The most recent value of the derivatives market from the Bank for International Settlements in Switzerland, as of June 2008, is about 650 trillion dollars. If we take the value of all the stocks on all the stock markets, the value of all the publicly traded companies, and add them up, we get about 30 trillion dollars or less than 1/20 of the value of all outstanding derivative contracts.
What does this mean? These contracts are bets on the rise and fall of commodity prices, stock prices, weather; whether or not someone can pay someone else (a naked credit default swap) and anything else the wizards of Wall Street can bet upon.

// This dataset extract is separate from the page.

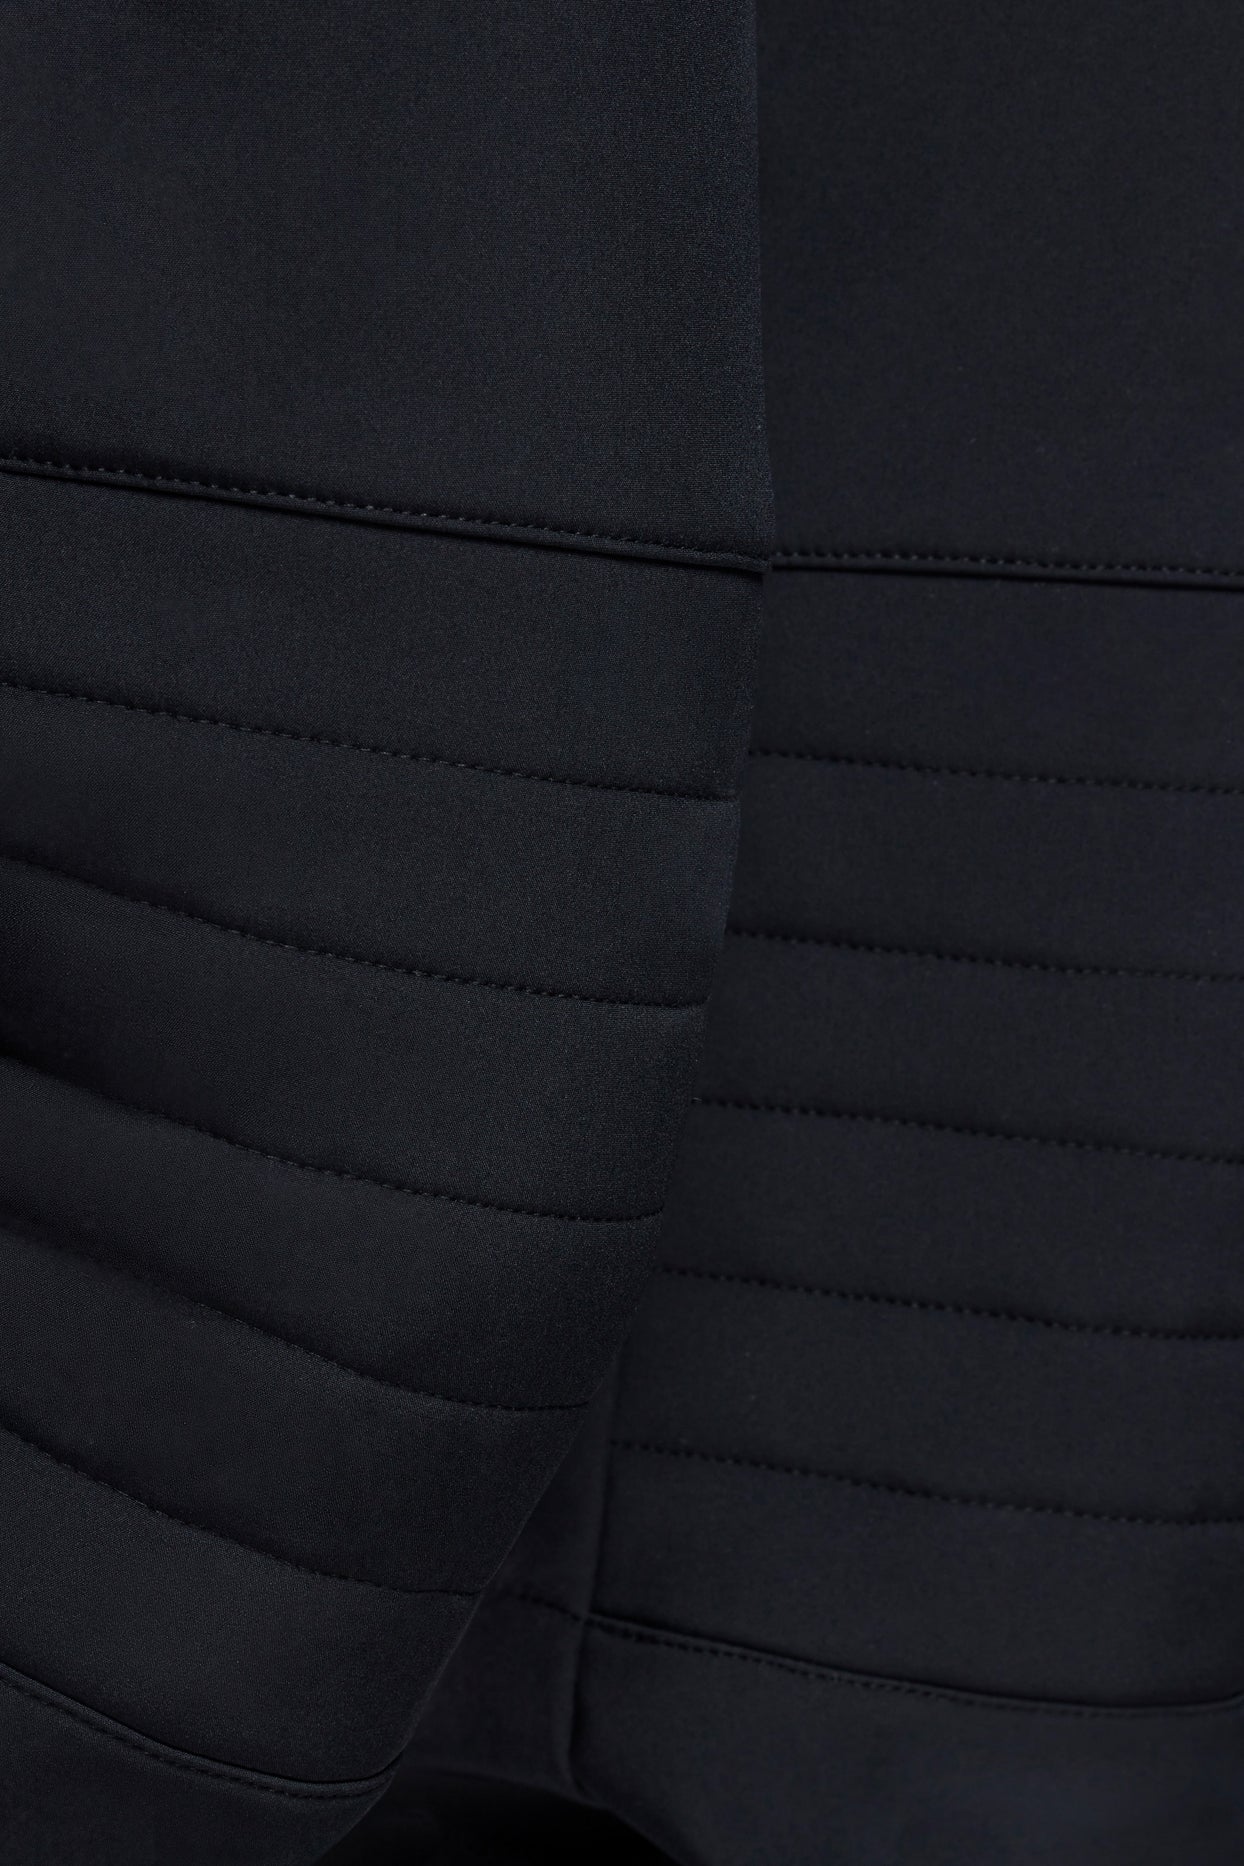 Fleece Lined Ski Pants in Black

In a worst case financial melt-down, the gaping maw of derivatives will consume all the world's wealth and still only be satisfied to the tune of 1/20 of all existing debt. The wealth consumed by the derivatives payouts is not destroyed, it is relocated, transferred from the many to the few who are on the payout end of these contracts.

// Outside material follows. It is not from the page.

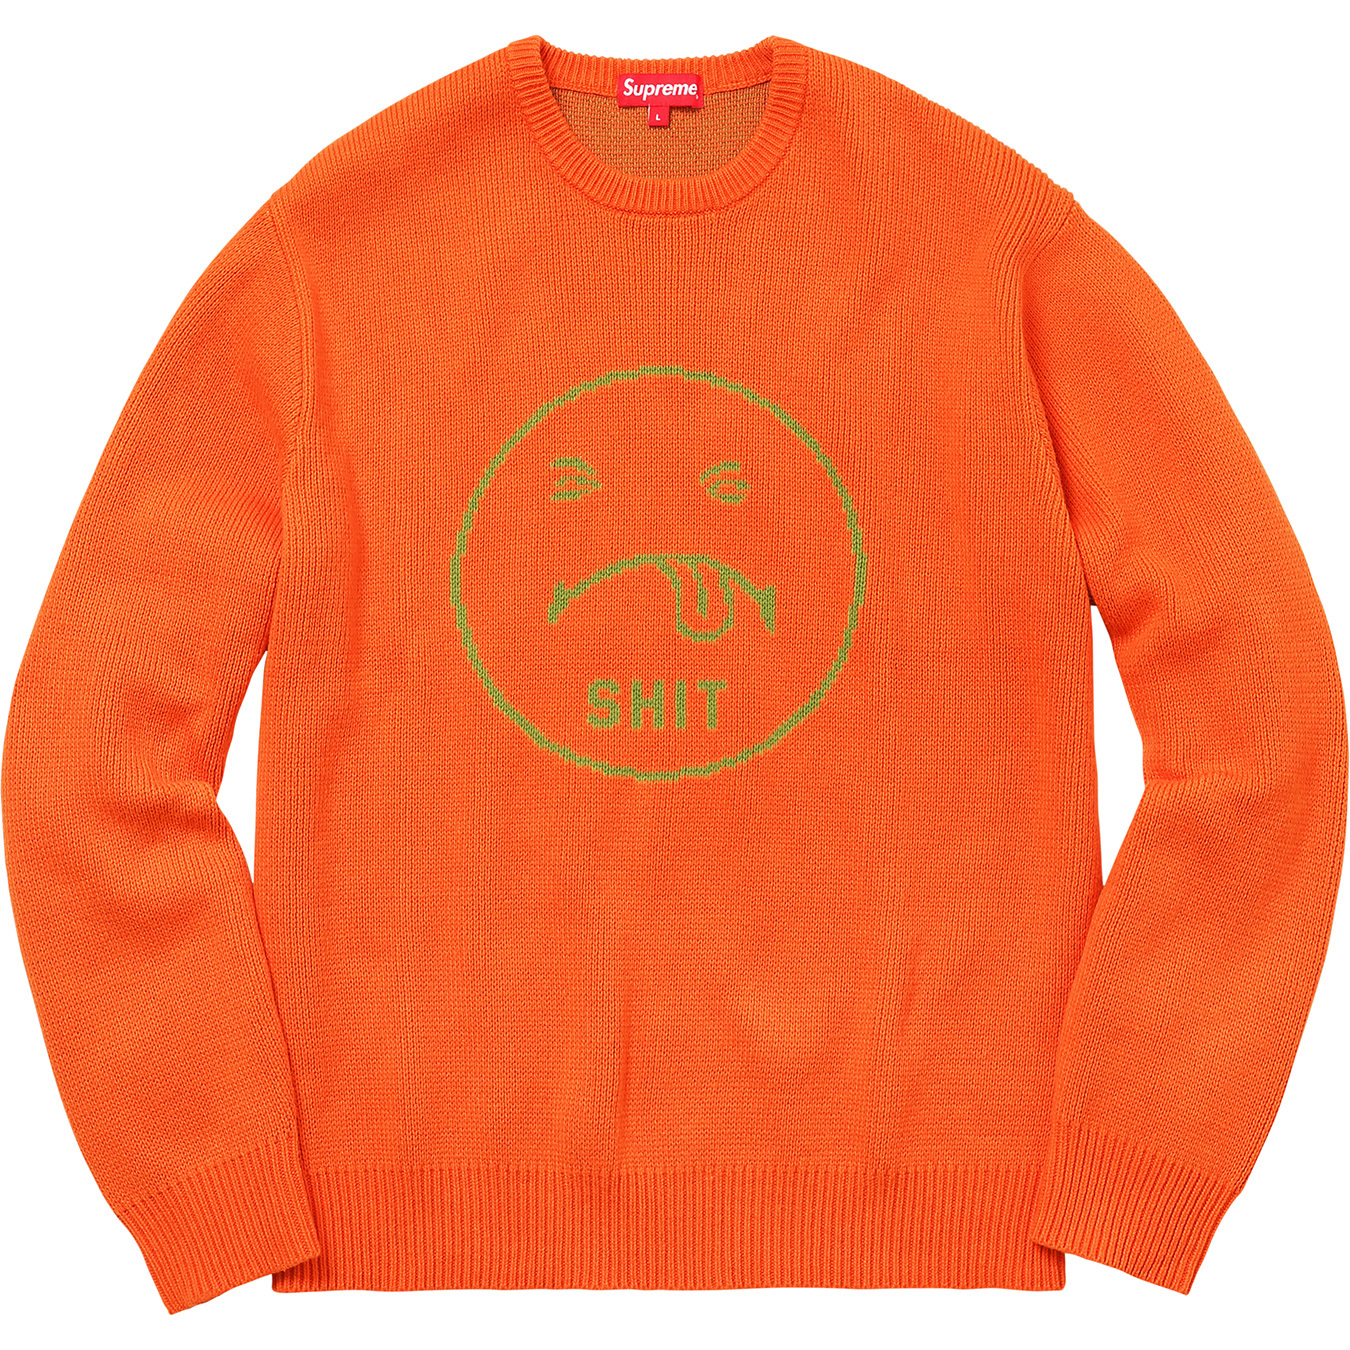 Supreme Shit Sweater Orange

If we do not zero-out the worst of these contracts, we will see the greatest wealth redistribution in history. When the trigger on a derivative is pulled, it is pulled based on some underlying asset, or ability to pay, failing a test written into the contract. Since the value of the contracts vastly exceeds the world's wealth, we have many bets with full value payout placed on the same base asset or action.
To survive this downturn, we must consider zeroing-out the worst of these derivative contracts. When Lehman Brothers failed, the underlying assets for 100's of billions of dollars worth of derivative contracts was destroyed. The shock waves from this, one of the smaller investment banks, failure caused world-wide lending to freeze-up solid. We can not afford one of the larger banks to collapse without first dealing with derivatives.
Once the nuclear weapon of the financial world, the derivative contract, is defused, we can start to unwind the failing banks and begin a true economic recovery.